Ważnym aspektem jest informacja, która pojawia się w internecie, że w kosmetykach naturalnych nie mamy do czynienia z substancjami syntetycznymi. Norma ISO umożliwia wprowadzanie, podaje kategorie surowców kosmetycznych, które są ukryte pod nazwą surowce pochodzenia naturalnego; i surowce, które z kolei są pozyskiwane na drodze syntezy chemicznej.

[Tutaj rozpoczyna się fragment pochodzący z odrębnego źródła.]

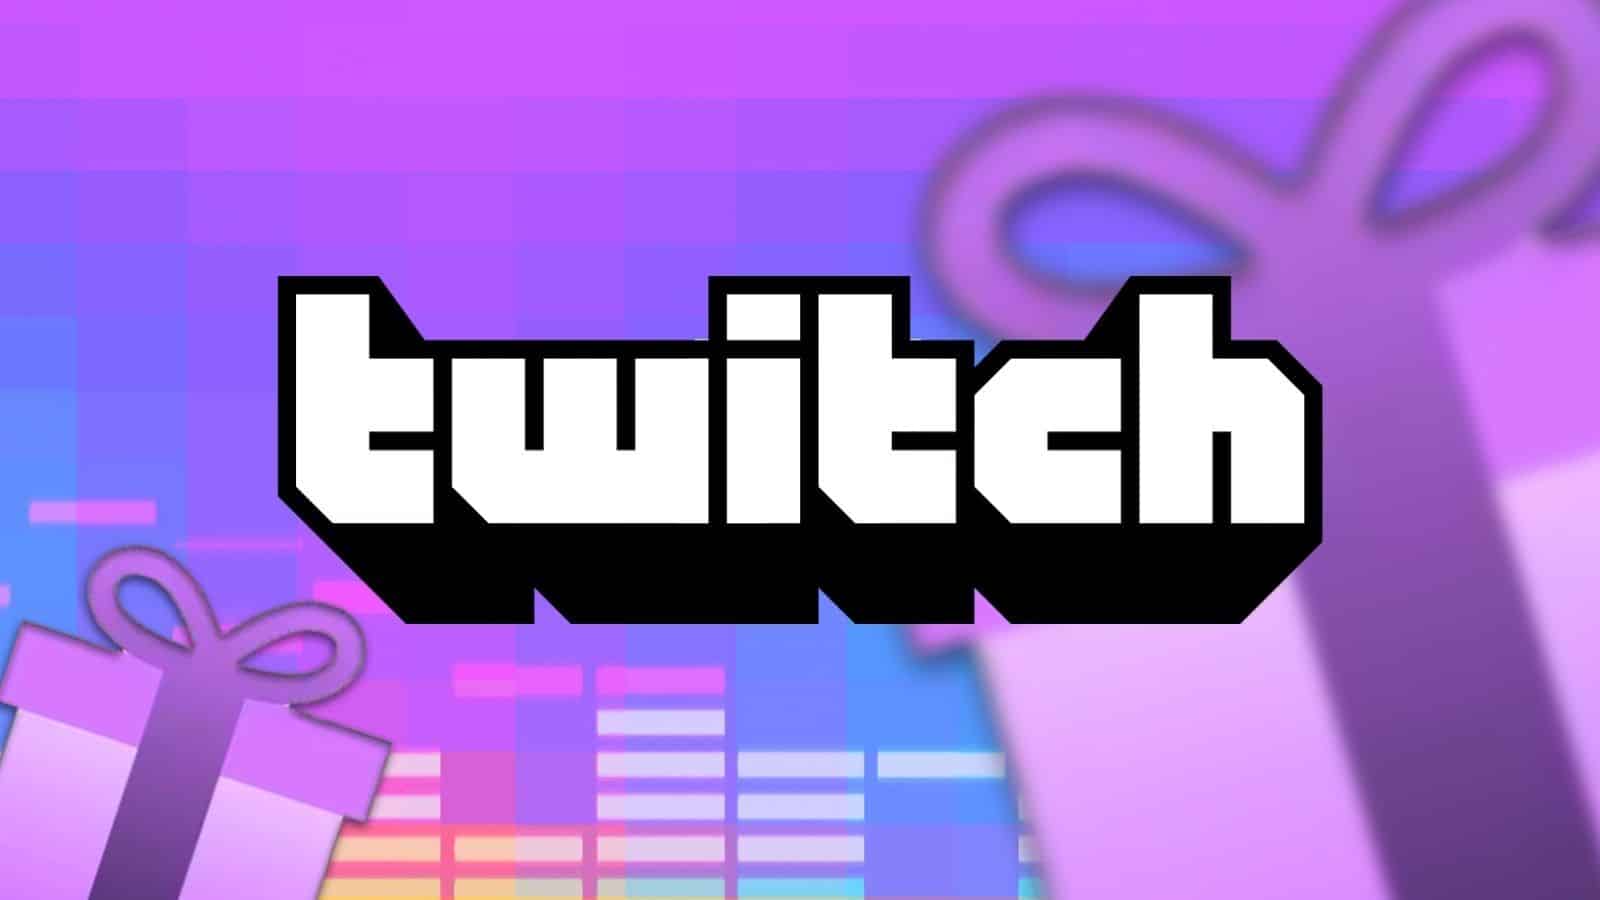 Create custom sub badges or channel points for kick twitch by

Podobnie jest w przypadku certyfikatu COSMOS, gdzie jedną grupą składników są składniki naturalne, przetworzone metodami chemicznymi. Natomiast certyfikat NaTrue przedstawia nam składniki pochodzenia naturalnego, czyli to są składniki przetworzone chemiczne.

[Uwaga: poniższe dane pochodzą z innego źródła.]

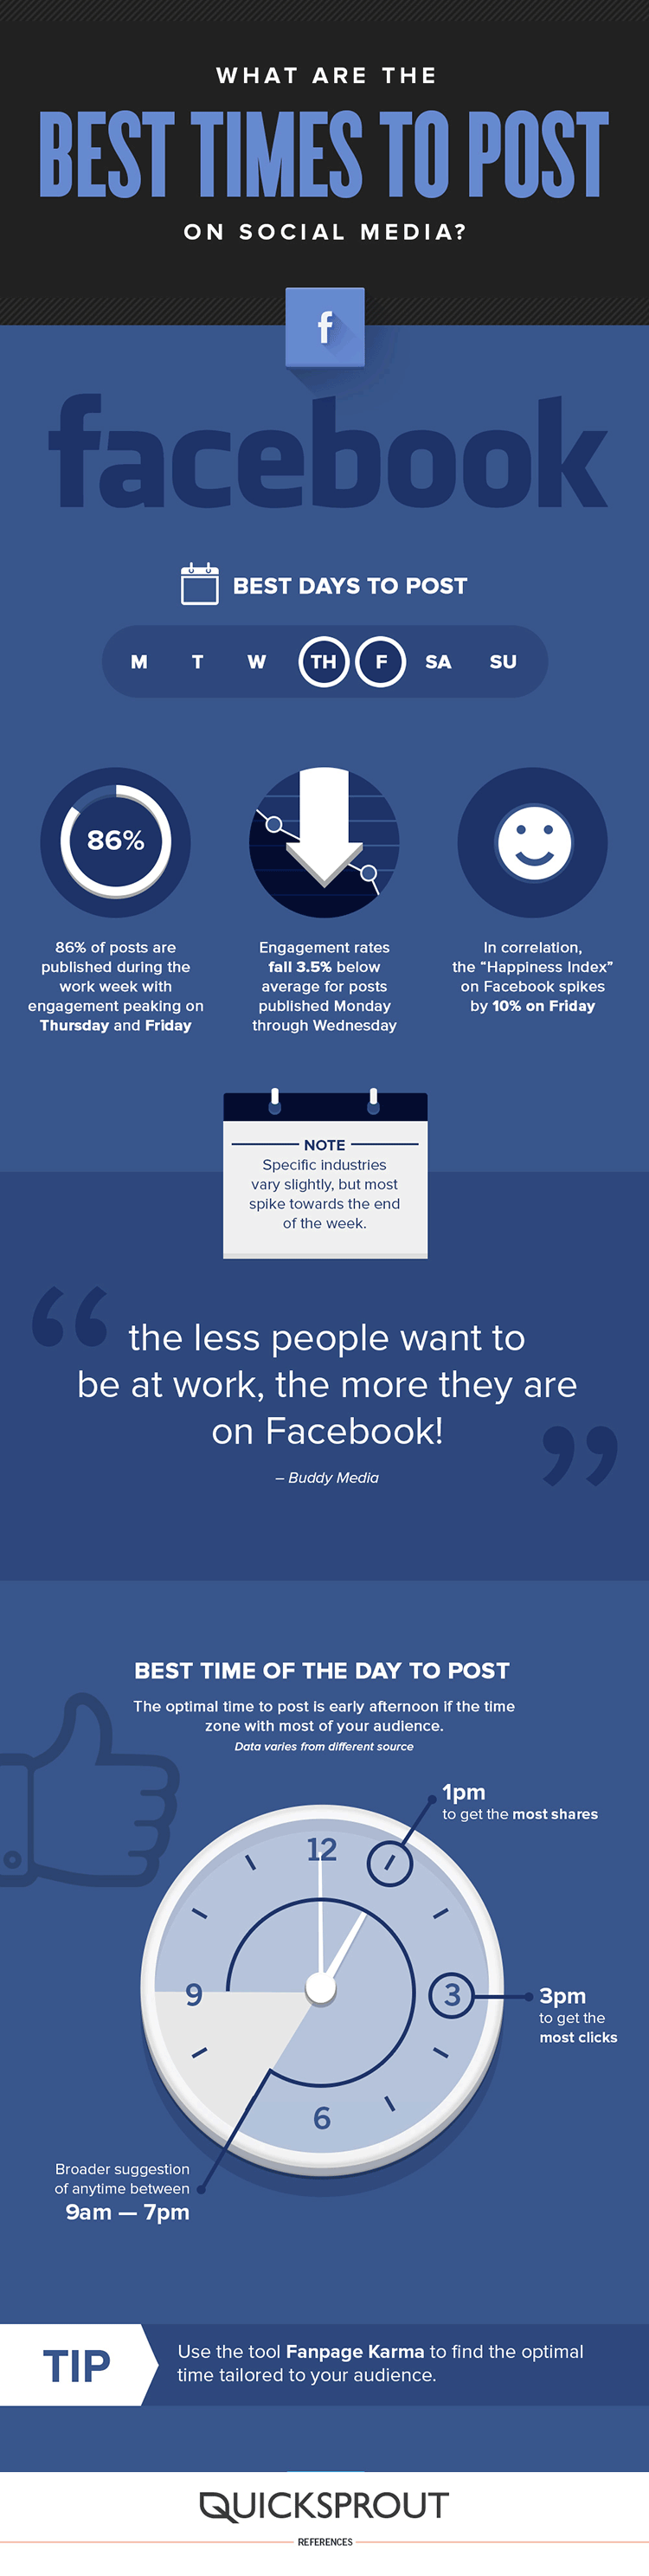 best time to post Facebook infographic

Jest oczywiście dozwolona liczba procesów. Są to procesy, które nie powinny mieć wpływu na środowisko naturalne albo wpływ mają znikomy. Jednak pojawiają się i nie jest to prawdą, że surowce i kosmetyki naturalne, naturalne surowce powstają bez wykorzystania jakiejkolwiek chemii. Bardzo ciekawą jest sprawą również, czy w kosmetykach naturalnych można stosować produkty ropopochodne.

Instrukcji certyfikatu COSMOS – dokładnie załącznik – omawia inne składniki, które są dopuszczone do stosowania w kosmetykach naturalnych. Mamy grupę składników, które mogą być pozyskiwane z wykorzystaniem rozpuszczalników pochodzenia petrochemicznego. Jest zalecenie, że muszą być te rozpuszczalniki całkowicie usunięte z kosmetyków, jednak zastosowanie rozpuszczalników petrochemicznych również wpływa na zanieczyszczenie środowiska naturalnego.

W tym samym załączniku umożliwia się stosowanie składników, które zawierają pozostałości petrochemiczne w kosmetykach naturalnych. I mamy tutaj do czynienia z bardzo popularną, bardzo delikatną kokamidopropylobetainą.

Dlatego zastanawia mnie czy rzeczywiście trend „kosmetyki naturalne” jest prawdą? Czy kosmetyki naturalne są rzeczywiście naturalne? Należy uświadamiać społeczeństwo, że wszystkie kosmetyki sprzedawane na rynku europejskim są bezpieczne do stosowania. Świadczy o tym ustawodawstwo europejskie i szczególnie rozporządzenie 1223. Dlatego też wybór kosmetyków zarówno naturalnych czy tradycyjnych jest kwestią indywidualną. Nie wpływa to w żaden sposób na bezpieczeństwo stosowania.